L’ensemble des convives garda le silence, une forme de gêne l’emportait sur tout autre sentiment. Cette femme qu’ils connaissaient depuis à peine une heure venait de faire défiler devant eux la trame dramatique de sa vie comme elle se fût adressée à un intime.

Tizh-F sauva la situation en sautant de sa chaise brusquement tout en émettant un inquiétant feulement. Il se dirigea vers les murs de la pièce qu’il longea en en flairant la base. De temps à autres, il échangeait un regard avec sa maîtresse qui semblait chargé d’informations. Ces diableries mettaient Pornus mal à l’aise et intriguèrent Madame de Kervasker qui à son tour porta ses yeux sur Torzh dans un geste interrogatif.

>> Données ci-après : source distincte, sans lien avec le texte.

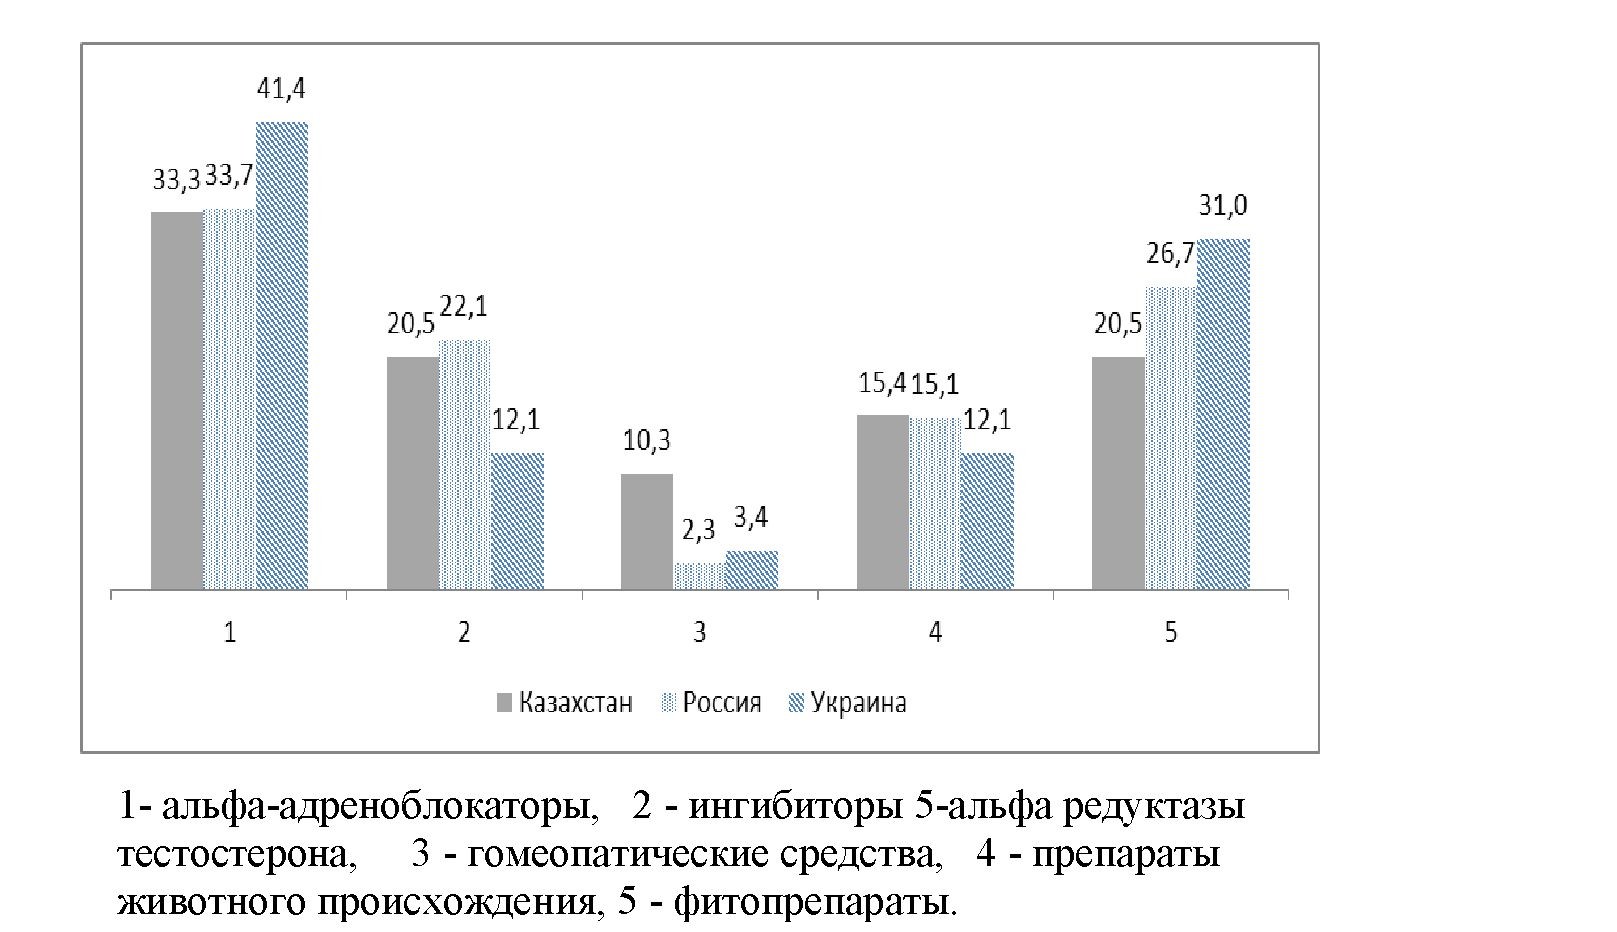 Сравнительный анализ рынка простатопротекторов Казахстана, России и Украины

-         Quelque-chose est là, qui rôde autour du manoir.

-         Quelque-chose ou quelqu’un !, nuança Pornus.

-         Non, mon cher comte, ne vous déplaise. Pour les choses de ce bas monde, les facultés de Tizh-F sont celles de n’importe quel chat. Et au vu de l’épaisseur des murailles de granite qui nous entourent, je ne crois pas qu’il puisse percevoir une présence humaine. Par contre, il est des flux qui traversent la matière et qu’il capte.

 

Soudain Tizh-F retrouva un air serein et vint se rassoir aux côtés de Torzh comme si de rien n’était. Pendant un long moment on n’entendit plus que le cliquetis des fourchettes heurtant la porcelaine des assiettes.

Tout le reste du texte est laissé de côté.